My curiosity over his decision had
been peaked by my own tax career background, since from the law’s inception I
had always considered the mandate penalty portion to be a tax. It met the simple definition of a tax (a charge usually of money
imposed by authority on persons or property for public purposes – per Merriam-Webster). When incurred it was to be collected by the
IRS (a fact now presented by Conservative opponents as a revelation – who did
they think was going to collect it, the Daughters of the American Revolution?).

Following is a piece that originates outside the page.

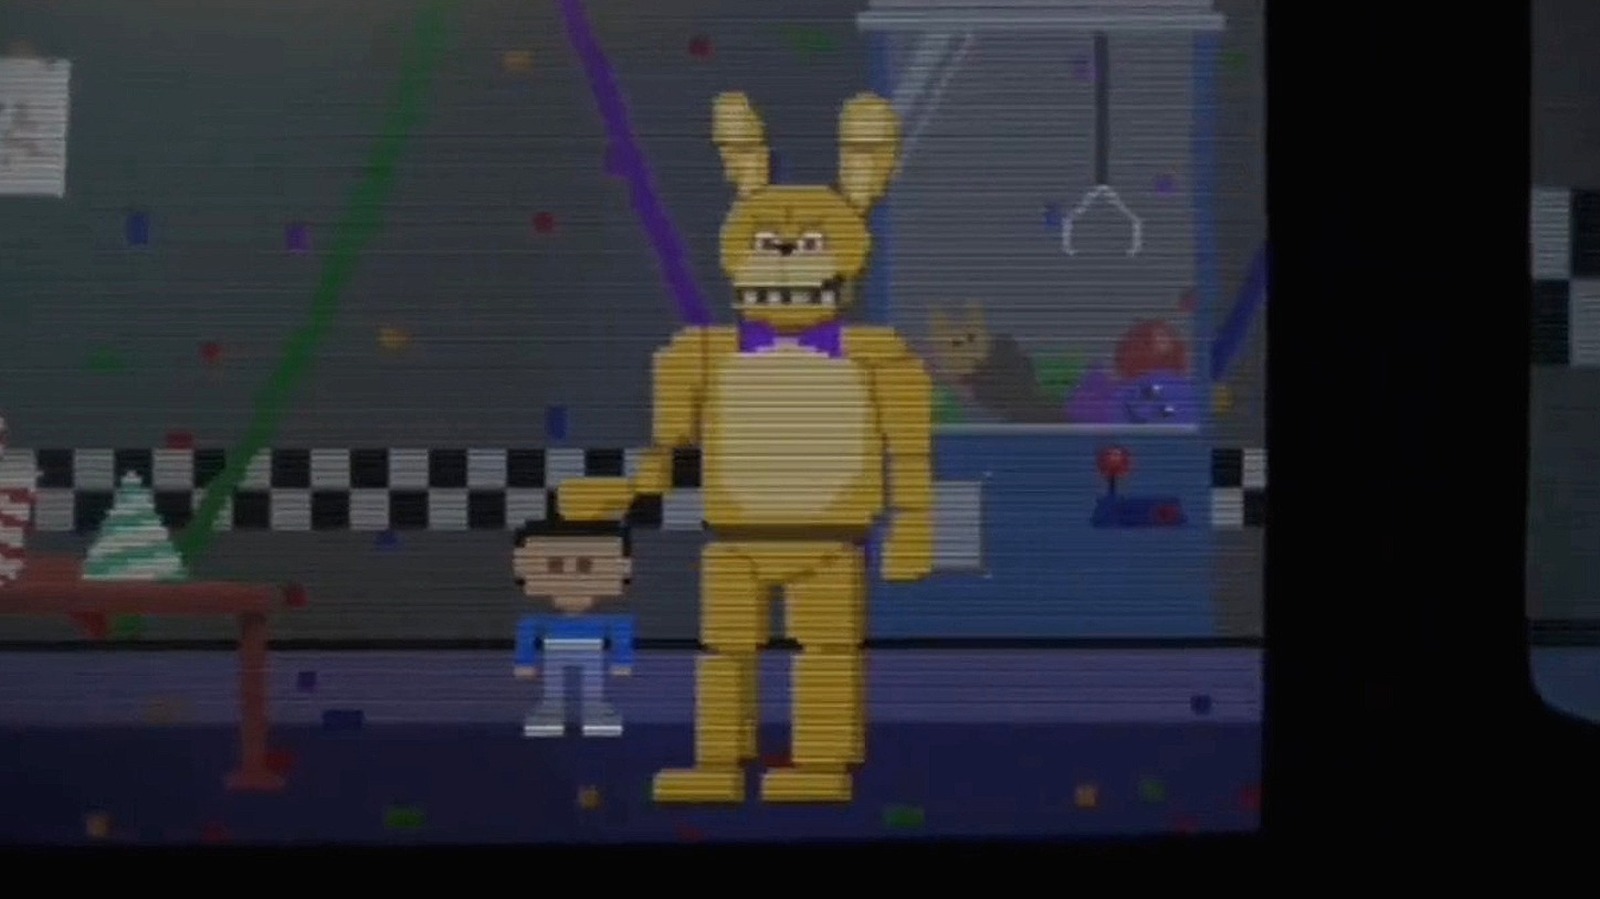 Five Nights at Freddy's has a hidden message in its credits that

That it was called a penalty was
appropriate in my opinion. The fact of the matter is that the Internal Revenue
Code is filled with penalties, and all those penalties when retrieved become
part of the general revenue. The reason
the term is used at all is because the tax can be avoided by simple compliance
by the taxpayer. An obvious example is the requirement on the part of the Federal Government
that everybody who owes an income tax must file an income tax return. That mandate doesn’t impose a criminal
violation if someone chooses not to do it; rather such failure only adds a
penalty onto whatever tax (plus interest) that the taxpayer owes. Like the AHA, no one has to pay the
penalty if they comply with the mandate.
Simple…no surprises.
So Republicans, who had planned
to be able to use the Court striking of AHA as a major failure of the Obama
Administration, now have to fight the
particulars of a law which, when exposed to the light of truth, has much more
upside than down. They start by symbolically burning Chief Justice Roberts in
effigy, then screaming (occasionally in tears) that Obama deceived the nation
into accepting an atrocious tax - something along the lines of charging a
mother with child abuse because she tricked her boy into eating cauliflower by
telling him it was white broccoli.
The next major step is to once
again portray the AHA as a “job killer” making repeated reference to the burden
placed on business (which under the law means businesses having 50 or more
employees – those with less than 50 employees actually get tax-credit benefits
under the law). This burden on business argument gets to me
as well. It ultimately clouds the
relationship between employer and employee and the understanding of what
compensation is.
In this country, the use of
health care insurance as a benefit of employment is an accident of history, as
are some other benefits. Despite the
problems these arrangements have created, it has become the primary means of
delivering these insurance services to the public. Probably the most serious opponents
to health care reform are those who obtain their health care insurance, paid wholly
or mostly, from their employer. What has
been lost is that the cost of health care insurance has become misconstrued as a
fixed expense of the employer when it is actually a variable expense of labor,
otherwise known as compensation.
Employers have always treated it as compensation, but because they don’t
directly see it, employees generally don’t. Even worse, employees often look at such a benefit
as largesse from their employers, like it was a gift.
If under AHA an employer finds
that they have to contribute more (or at all) to employee health care insurance
plans, they will factor that into their overall labor costs. The actual payer of those costs always has
and always will be the employee, as a portion of their compensation is being
directed to purchase that particular service.
That is why this “job killer” argument is so hollow and so
political. Small businesses have always had
control of their labor costs, if they are well run. What kills them is a lack
of market.
What employers primarily want is predictability,
which includes labor costs. What would
maximize that predictability would be to get employers out of the health care business
all together, but because neither political party has the foresight (or cohunes)
to get that accomplished (at least for now), the next best thing is to step
away from the hodgepodge inefficient system we had prior to AHA, provide consistency
of health care insurance coverage to the entire nation and then begin to work
seriously toward the next step – reducing per capita health care costs.